In 2022, notable progress has been achieved in terms of throughput and area efficiency. J.-S. Ng et al. designed a highly secure FPGA-based AES accelerator immune to side-channel attacks, whereas Ramya et al. provided an efficient VLSI design of the AES algorithm. Padmavathi et al. proposed a memory-based architecture of AES to increase processing efficiency, and Teng et al. created an efficient area implementation of the S-box using Composite Field Arithmetic (CFA).

Nevertheless, most solutions focus on the improvement of one particular characteristic rather than a balanced discipline. To overcome this problem, the current project proposes designing and implementing a highly area-efficient and high-throughput AES-128 algorithm accelerator using VLSI methodology. The proposed accelerator will feature

10 stages of pipelining for simultaneous processing of several data blocks to significantly enhance its throughput and reduce latency, making it suitable for real-time applications in 5G networks. One of the main issues with hardware AES implementation lies in the excessive amount of hardware area consumed by lookup table-based S-box implementations. The current project utilizes Composite Field Arithmetic (CFA) to substitute time-consuming memory accesses with mathematical computations, which was previously investigated in other papers.
LITERATURE SURVEY

In recent years, significant strides have been made in terms of achieving security, speed, and hardware efficiency in AES hardware design. For instance, in 2022, J.-S. Ng et al. developed an advanced FPGA-based AES acceleration circuitry utilizing dual-hiding asynchronous logic for protecting from side-channel attacks by masking both power and timing signals to render secret-key extraction extremely difficult albeit resulting in increased hardware and resources consumption.

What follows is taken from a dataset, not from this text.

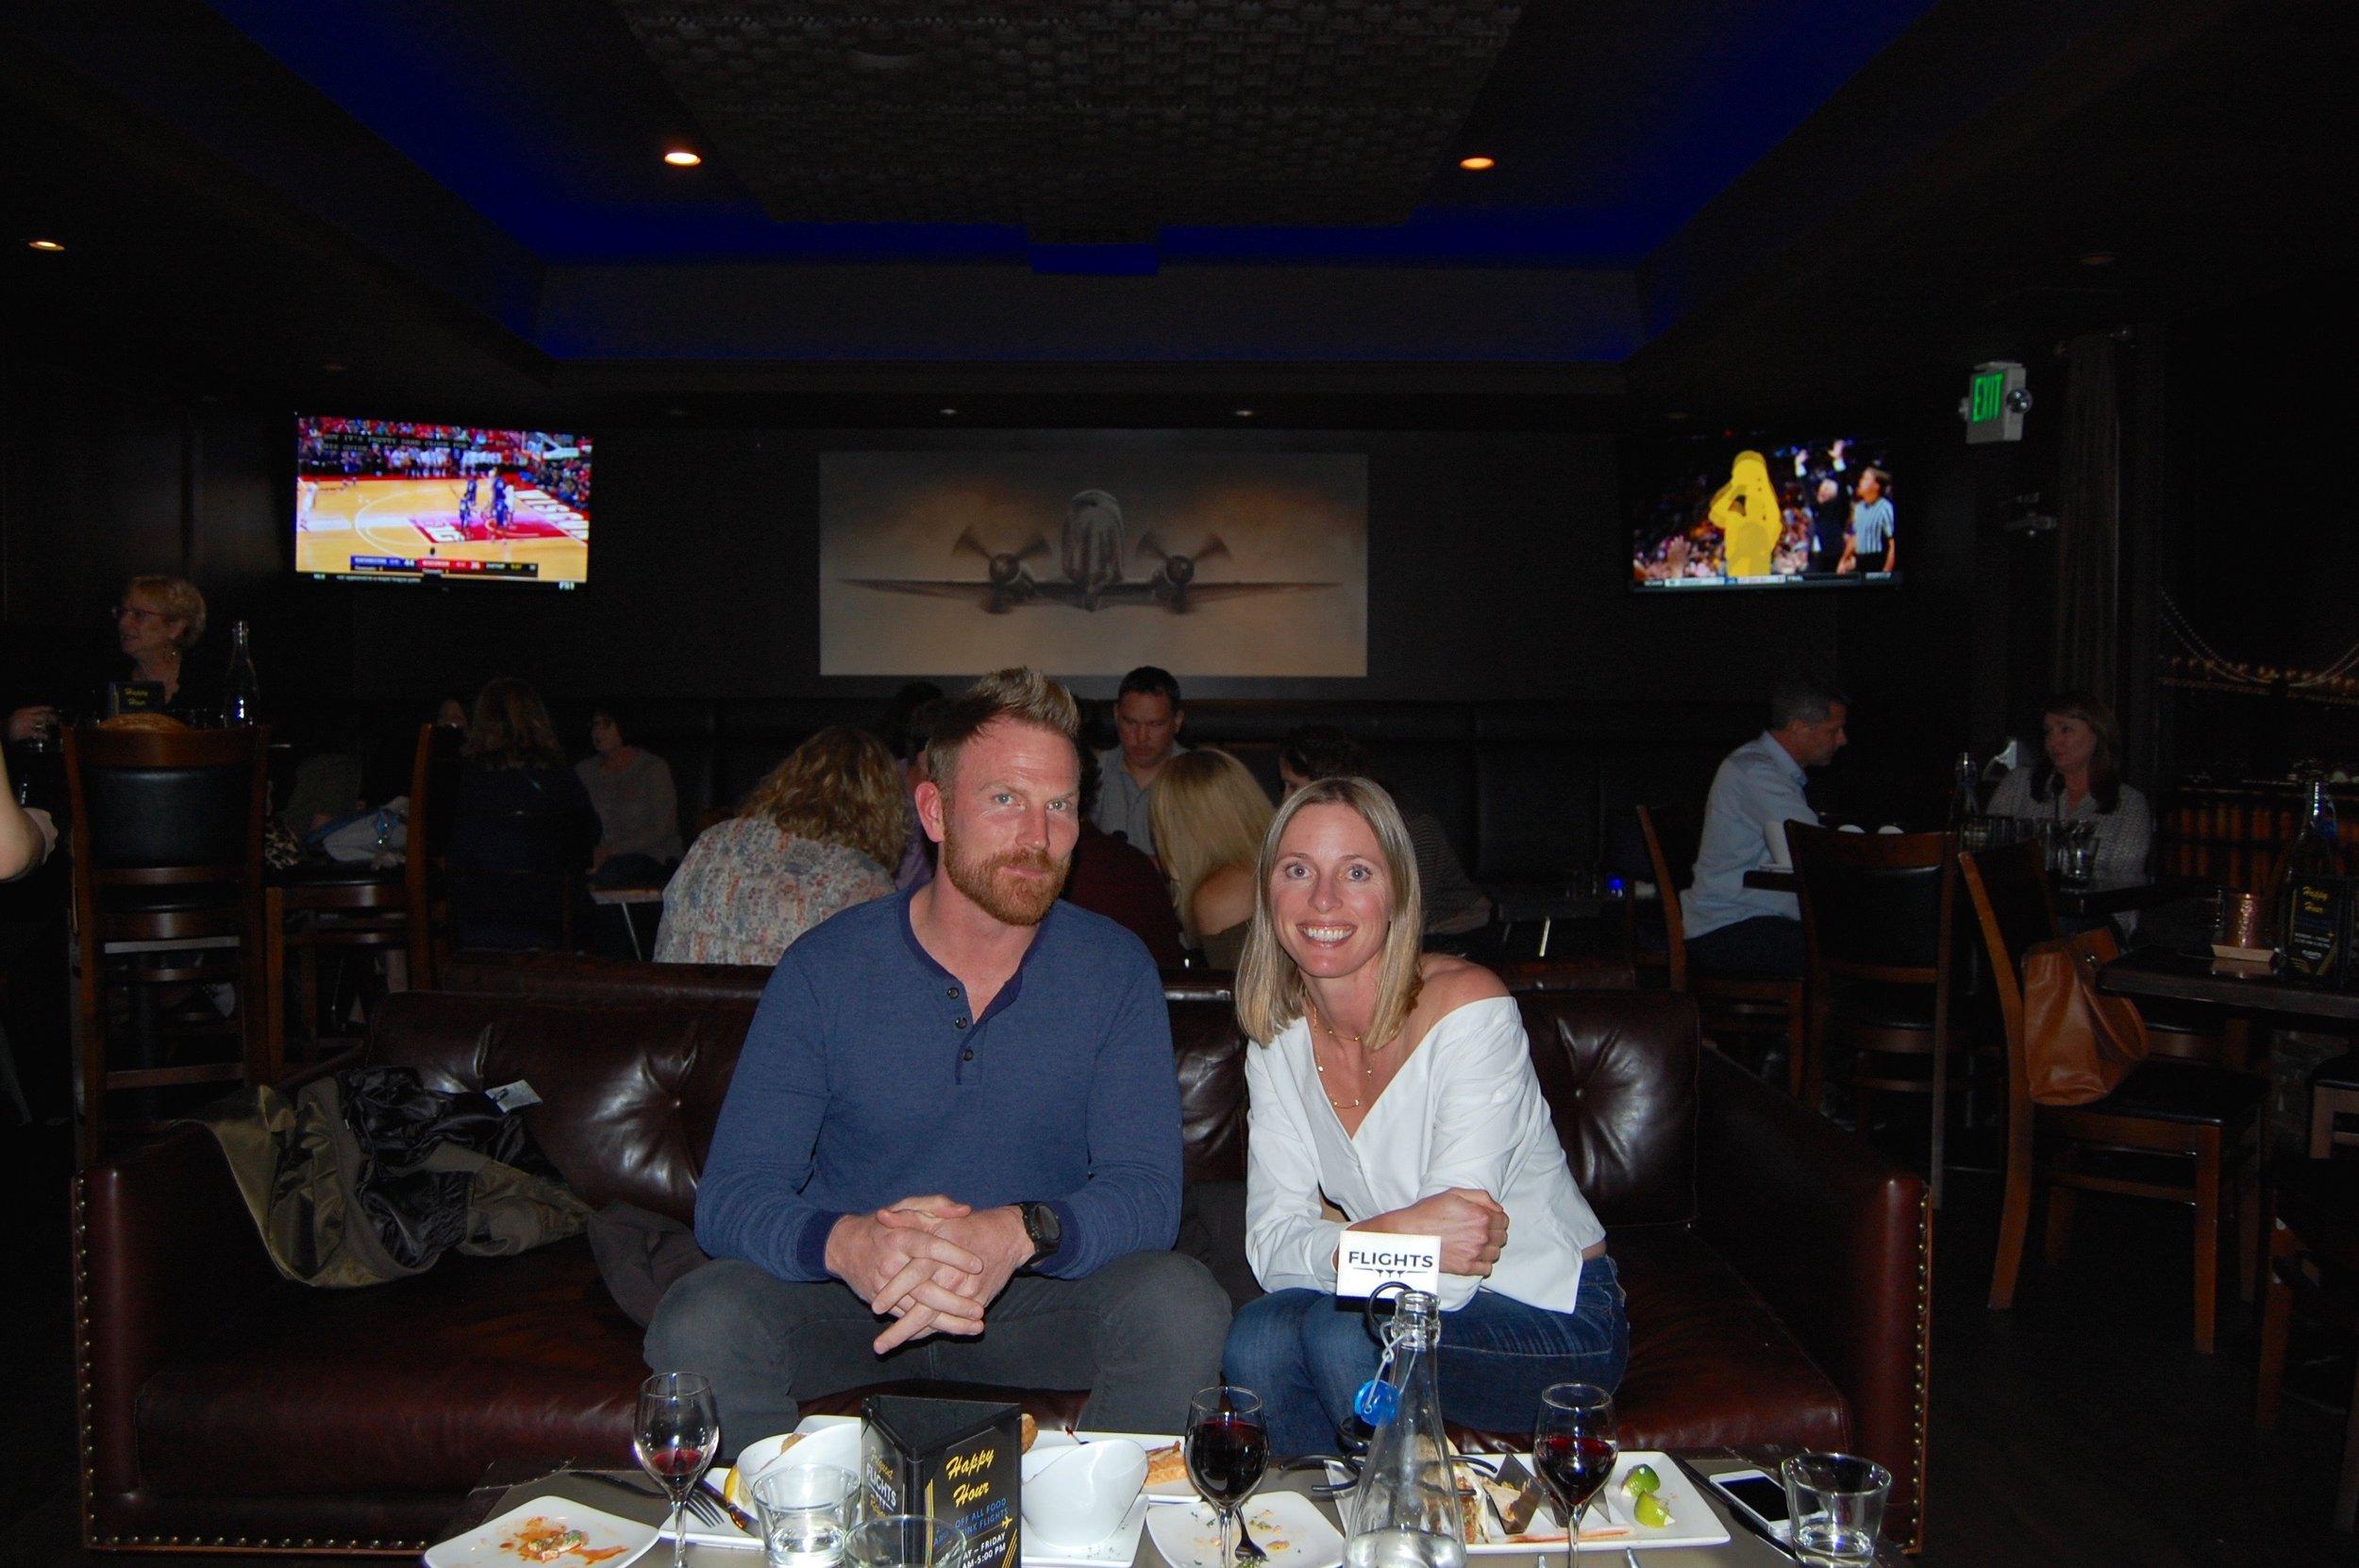 Date Night at Flights Los Gatos

Further, Ramya et al. proposed a VLSI-based AES architecture for fast encryption and overall system improvement in terms of performance. While throughput was increased, partial power optimization has been achieved in this work that can be crucial for mobile and embedded applications.

Additionally, Padmavathi et al. put forward an AES-in-Memory (AESIM) architecture wherein encryption process is integrated with memory to reduce transfer overheads which results in higher speed and efficiency while heavy reliance on memories increases the size of the chip.

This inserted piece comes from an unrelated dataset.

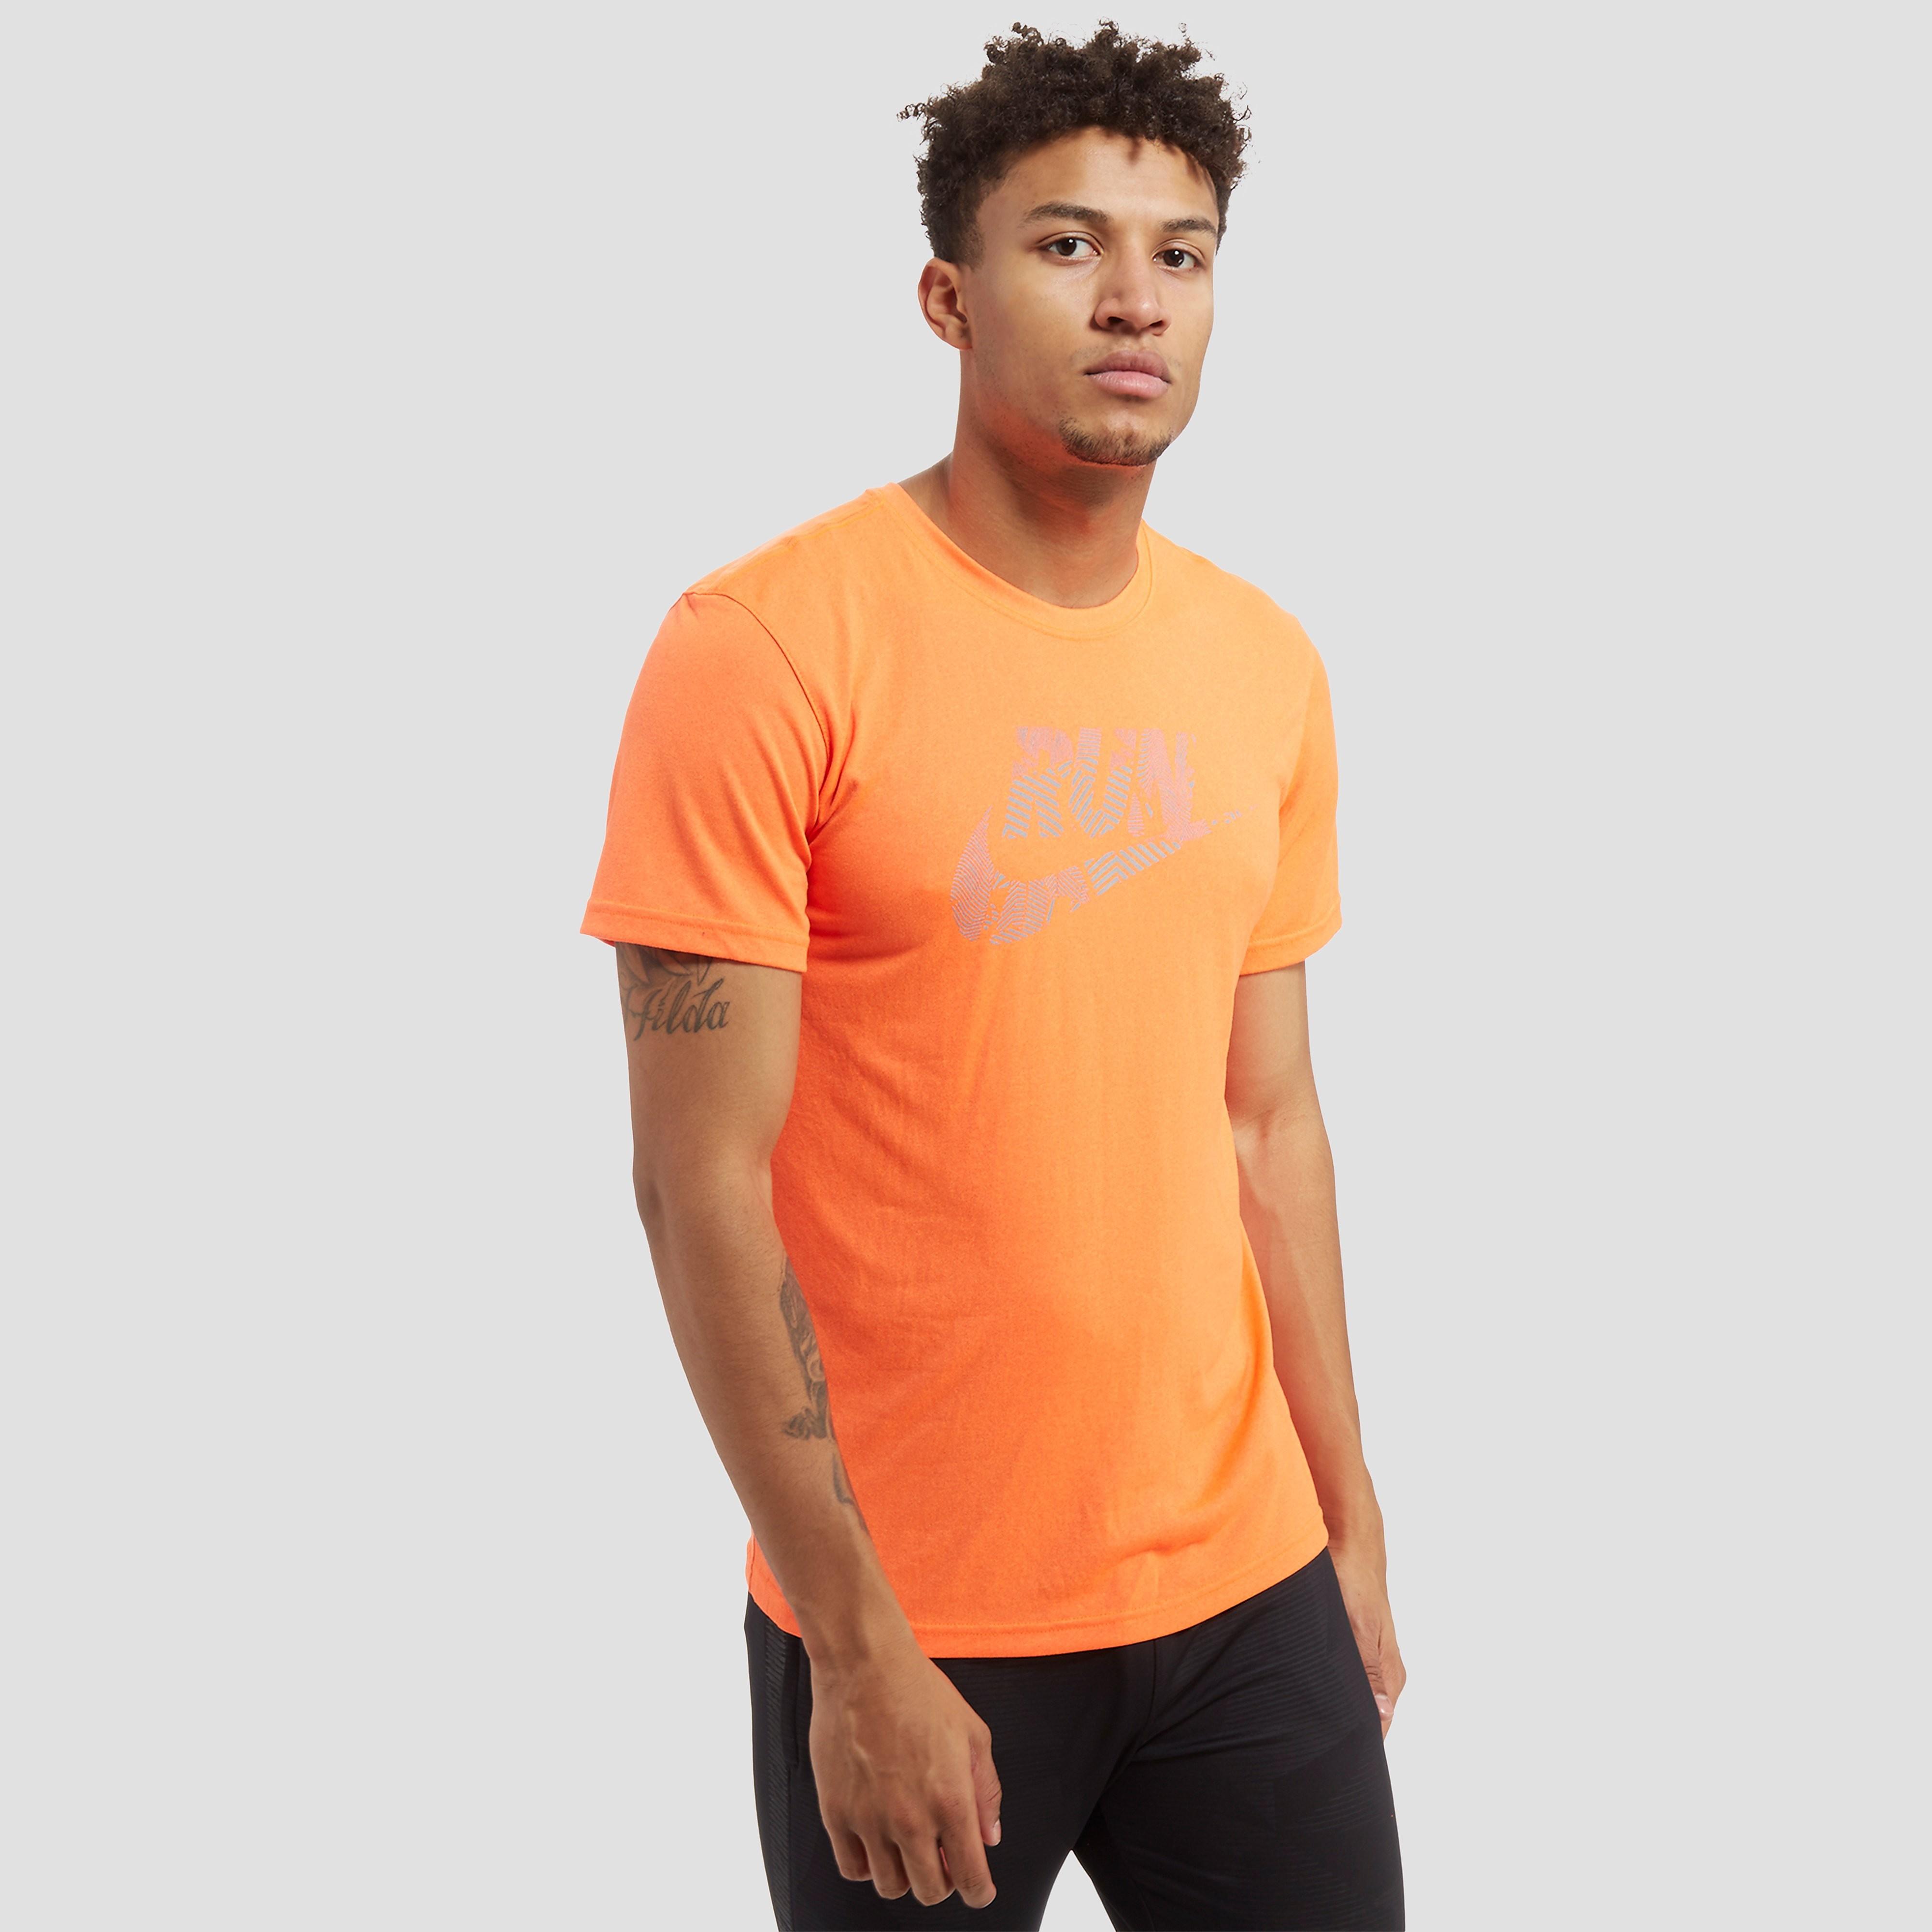 Nike Legend SST Men's T-Shirt

Moreover, Teng et al. introduced an area-efficient S-box based on Composite Field Arithmetic (CFA) that replaces traditional lookup tables with calculations in order to reduce hardware costs and energy consumption, albeit adding design complexity through sophisticated mathematics.

On the other hand, Nannipieri et al. (on behalf of the European Processor Initiative) introduced an advanced AES cryptoprocessor for modern CPUs offering enhanced performance. However, this design has relatively high complexity and cost associated with it, making it suitable only for large-scope projects.

Furthermore, Ahmad et al. offered an ASIC-based AES accelerator that provides performance and energy efficiency improvements, but flexibility is sacrificed as compared to FPGA-based designs. Also, Subramanian et al. developed a clock-gated S-box for power reduction through circuitry deactivation when inactive. In turn, this gating can adversely affect performance.

Likewise, Kumar et al. developed a side-channel attack resistant AES-128 by employing masking and dual rail logic in order to increase security level, but adding to implementation complexity. On top of that, Ueno et al. introduced datapath compression for raising throughput and reducing gate counts in the process, thus sacrificing some flexibility and performance. Moreover, Joshi et al. worked solely on efficient S-box implementations without any focus on power and speed. Additionally, Zhu designed AES SubBytes implementation using combinational logic in order to decrease memory usage, though the propagation delay was somewhat increased.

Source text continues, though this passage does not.